GPT-BERT style BabyBabyLLM model for language **jav**.

This repository may include both *main* and *EMA* variants.

**Default variant exposed to generic loaders:** `ema`

## Variants Available
ema, main

## Files
- model.safetensors (alias of default variant)
- model_ema.safetensors
- pytorch_model.bin (legacy PyTorch format)
- jav-2gpu-100steps.bin (raw training checkpoint)
- jav-2gpu-100steps_ema.bin (raw training checkpoint)

## Configuration
```json
{
  "attention_probs_dropout_prob": 0.1,
  "hidden_dropout_prob": 0.1,
  "hidden_size": 384,
  "intermediate_size": 1280,
  "max_position_embeddings": 512,
  "position_bucket_size": 32,
  "num_attention_heads": 6,
  "num_hidden_layers": 12,
  "vocab_size": 8192,
  "layer_norm_eps": 1e-05,
  "force_causal_mask": true,
  "classifier_dropout": 0.1,
  "classifier_layer_norm_eps": 1e-05,
  "num_labels": 2
}
```
Tokenizer file: `tokenizer_jav_vs8192.json`

## Quick Usage
```python
from transformers import AutoTokenizer, AutoModelForMaskedLM
model_id = 'jumelet/gptbert-jav-100steps-small'
tok = AutoTokenizer.from_pretrained(model_id)
model = AutoModelForMaskedLM.from_pretrained(model_id, trust_remote_code=True)
out = model(**tok('Hello world', return_tensors='pt'))
```

### Forced Causal Attention
Causal attention is enforced during inference by applying a triangular future mask inside the remote code.
This prevents the hybrid GPT-BERT layers from attending to future tokens even when a bidirectional mask is provided.

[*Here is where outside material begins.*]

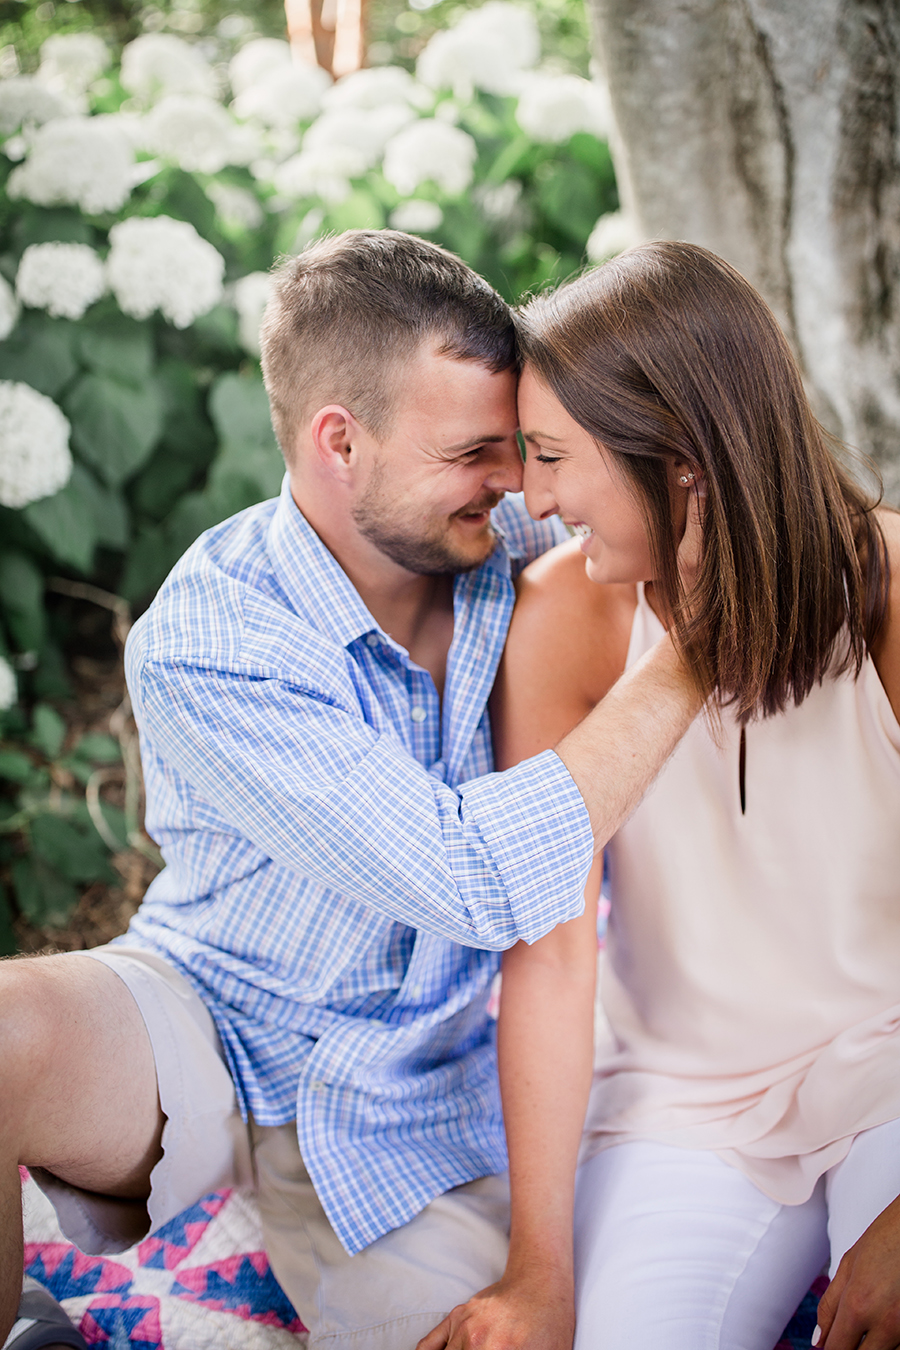 Holding her face laughing at this Estate of Grace engagement session by Knoxville Wedding Photographer, Amanda May Photos.
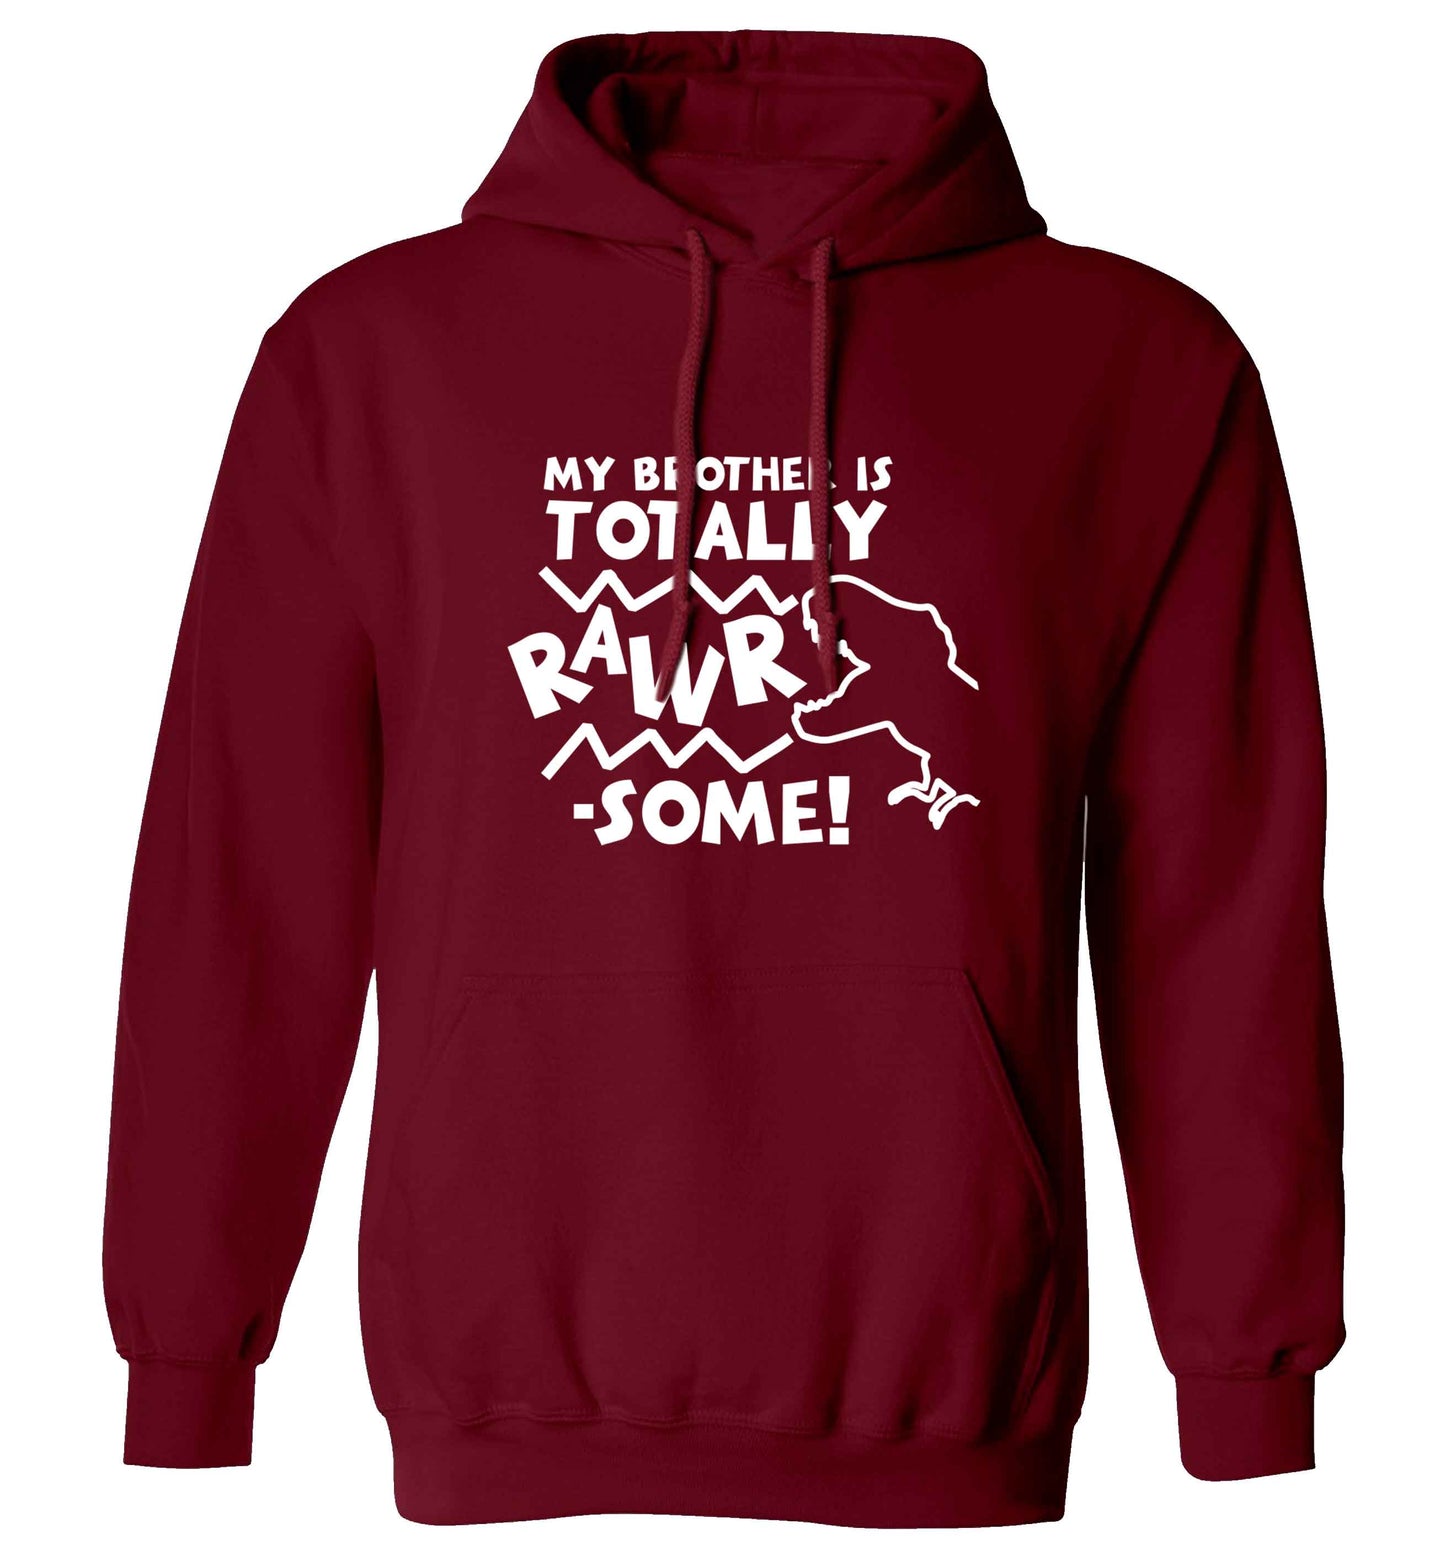 My brother is totally rawrsome adults unisex maroon hoodie 2XL

### Sequence Classification
`GPTBertForSequenceClassification` mirrors the original GLUE classifier head for downstream fine-tuning.
```python
from transformers import AutoTokenizer, AutoModelForSequenceClassification
model_id = 'jumelet/gptbert-jav-100steps-small'
tok = AutoTokenizer.from_pretrained(model_id)
model = AutoModelForSequenceClassification.from_pretrained(model_id, trust_remote_code=True)
outputs = model(**tok('This movie was great!', return_tensors='pt'))
print(outputs.logits)
```

## Notes
- Converted on 2025-10-04T20:26:43.976432+00:00
- Weights are the exact trained parameters; no new layers were initialized.
- Requires `trust_remote_code=True` due to custom architecture.